Gene Ontology (GO) and KEGG pathway analysis
Gene Ontology (GO) has developed 3 structured ontologies that describe gene products in terms of their associated biological processes, cellular components, and molecular functions. Fisher’s exact test was used to find if there was true difference between groups. Pathway analysis was based on Kyoto Encyclopedia of Genes and Genomes (KEGG) database (http://www.genome.jp/kegg/) usually used to obtain insight into the underlying biology of differentially expressed gene.
Series Test of Cluster (STC) analysis
Series Test of Cluster (STC) analysis was performed based on previous research [15]. First, we set MU, scar, and normal skin as different points, and then chose DE lncRNAs among them according to the random variance model corrective ANOVA, which was used to determine genes that were expressed separately and differentially. Subsequently, a set of unique and representative temporal expression profiles were identified. After clustering algorithm, each lncRNA was assigned to the model profile which most closely matched the lncRNA’s expression profile as determined by the correlation coefficient.
Construction of lncRNA-mRNA co-expression network
The lncRNA-mRNA co-expression network based on calculating the Pearson’s correlation coefficient (PCC) between the expression levels of coding and noncoding genes was constructed. LncRNA were initially selected if they: 1) had an antisense property; 2) were from significant profiles No.3, 7, 12, and with significant change in MU tissues in corresponding profile; and 3) were validated by qRT-PCR. After integration, 5 lncRNAs were further analyzed. Additionally, mRNAs were screened from our microarray using the selection parameters PCC ≥0.97 and P<0.05.

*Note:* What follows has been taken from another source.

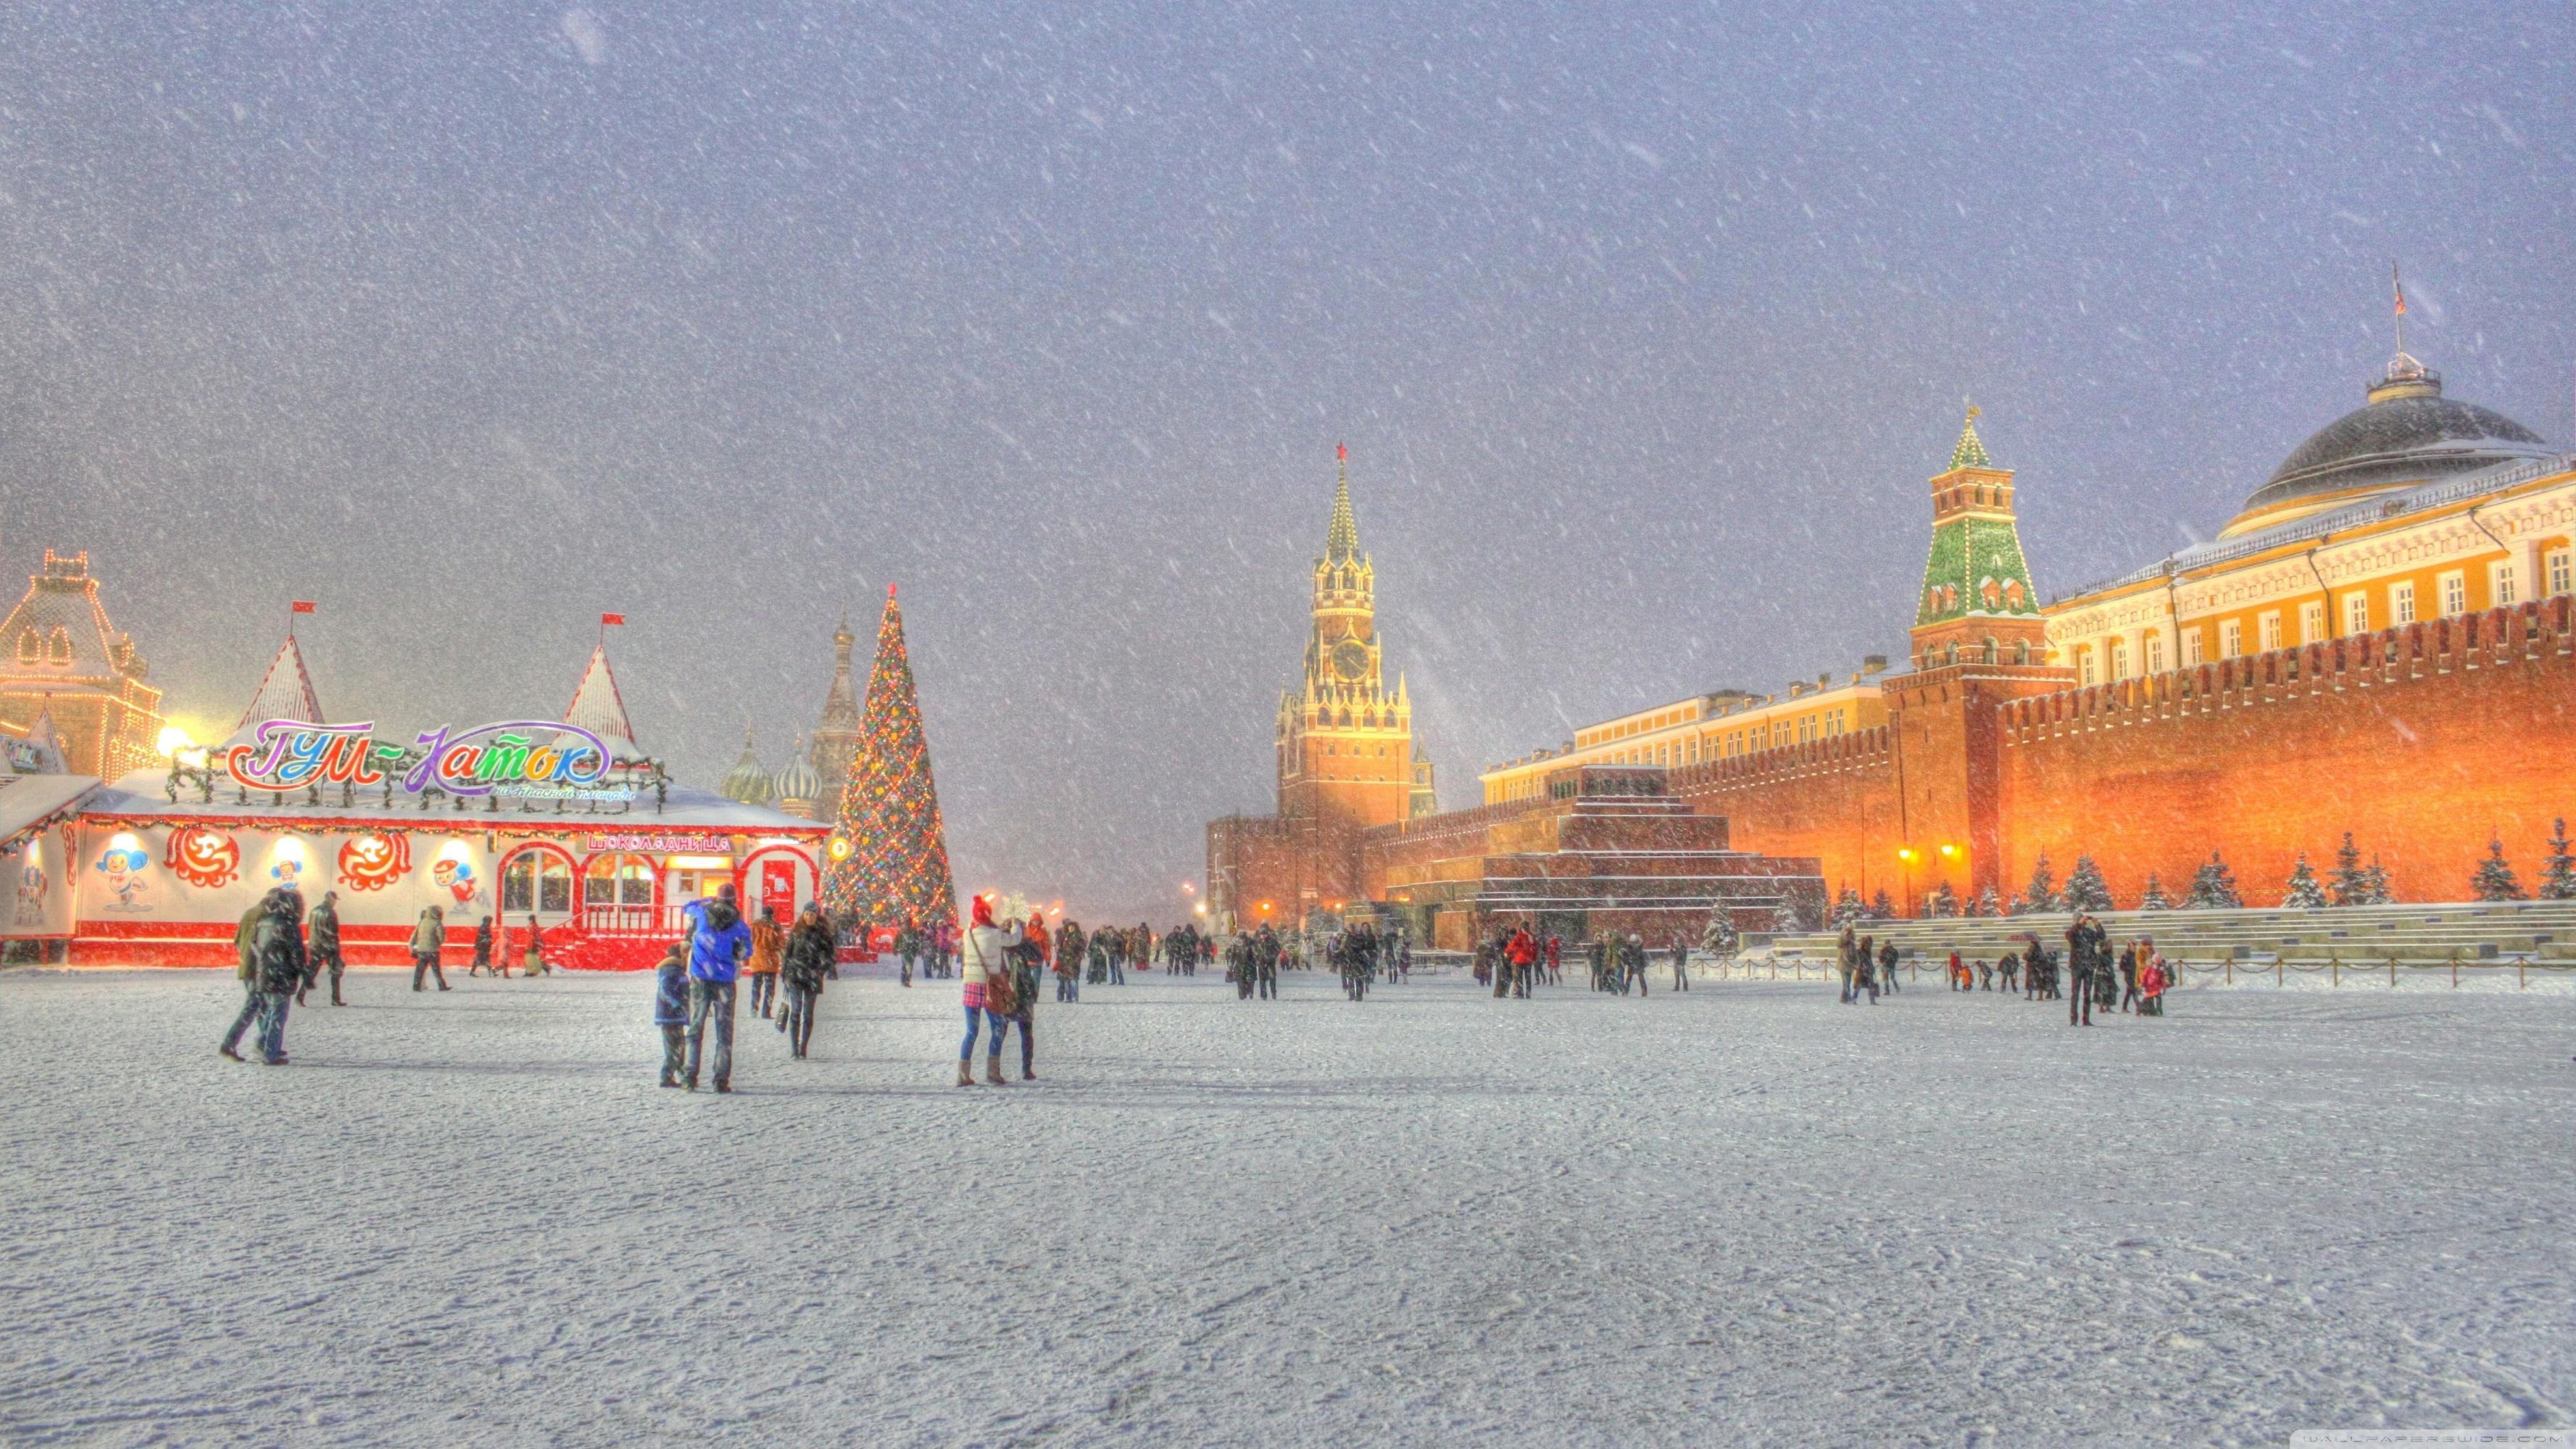 Red Square Moscow Russia Winter Holidays Ultra HD Desktop Background Wallpaper for 4K UHD TV, Multi Display, Dual Monitor, Tablet

Competing endogenous RNA (ceRNA) network analysis
The mRNAs sharing a meaningful correlation and similar tendency of expression with this 5 lncRNAs were subjected to further analysis. The potential miRNA response elements (MREs) were searched on the sequences of lncRNAs and mRNAs, and the overlapping of the same MRE both on lncRNA and mRNA predicted lncRNA-miRNA-mRNA interaction. To better enhance the reliability of the ceRNA network, miRNAs harboring less than 2 miRNA binding-sites with its targeted lncRNA were filtered. The miRNA binding sites were predicted by miRcode (http://www.mircode.org/), while the miRNA-mRNA interactions were predicted by Targetscan (http://www.targetscan.org/).
Statistical analysis
The data were presented as the means ±SD. All statistical data were analyzed using GraphPad PRISM software (version 6, San Diego, CA, USA). The unpaired t-test was performed to analyze the statistical significance of the microarray and qRT-PCR results. P<0.05 is considered statistically significant.
Results
Dysregulated lncRNAs and mRNAs among normal skin, scar and MU
Based on our microarray result, a total of 7130 lncRNAs and 9867 mRNAs were identified to be differentially expressed among normal skin, scar, and MU tissues. There were 543 lncRNAs that had sense exonic overlap with protein-coding genes, 1044 lncRNAs that were intronic sequences, and 918 lncRNAs that were natural antisense sequences. Visualization of the aberrantly expressed genes between different tissues was illustrated by bar graph (Figure 1A). Among them, 490 lncRNAs and 1440 mRNAs were upregulated in MU compared with para-cancerous scar as well as normal skin, while 1563 lncRNAs and 711 mRNAs were downregulated (Figure 1B, 1C). In addition, there were 1211 lncRNAs and 1790 mRNAs dysregulated specially between MU and para-cancerous scar group, meanwhile, 3306 lncRNAs and 5049 mRNAs between MU and skin group (Figure 1B, 1C). These results suggested that those transcripts may be aberrantly expressed in different phase from the normal skin to scar to MU, and thus exert corresponding effects.
Figure 1.
LncRNA and mRNA expression profiles based on microarray data. (A) Bar graph of the number of dysregulated lncRNAs and mRNAs among normal skin, scar, and MU tissues. Venn diagrams showed the numbers of overlapping and nonoverlapping differentially expressed lncRNAs (B) and mRNAs (C) in MU compared with scar and normal skin, respectively. MU – Marjolin ulcer; lncRNA – long noncoding RNA, mRNA – messenger RNA.
Validation of qRT-PCR
To validate the reliability of the microarray data, the qRT-PCR experiment was carried out to detect the expression levels of those selected lncRNAs and mRNAs (described in the method section) in normal skin, scar, and MU samples from 8 patients (Figure 2). Interestingly, the fold changes of qRT-PCR results were smaller than that in microarray results, such as for lncRNA TCONS00007922, uc001oou.3, and mRNA PML, suggesting that the microarray data may enlarge the difference to some degree. Overall, the qRT-PCR results were consistent with the expression trends of the microarray results.
Figure 2.
Validation for the expression of candidate transcripts among normal skin, scar, and MU by qRT-PCR. Differential expression from microarray analysis of 4 upregulated lncRNAs (A), 4 downregulated lncRNAs (C), and 4 mRNAs (E) in MU compared with scar and normal skin. The raw intensity of those transcripts was quantile normalized. The relative expression levels of the same transcripts were determined by qRT-PCR (B, D, F). Gene expression was normalized to β-actin, data are presented as mean ±SD, n=8. * P<0.05, ** P<0.01. MU – Marjolin ulcer; qRT-PCR – quantitative real-time PCR; lncRNA – long noncoding RNA; mRNA – messenger RNA.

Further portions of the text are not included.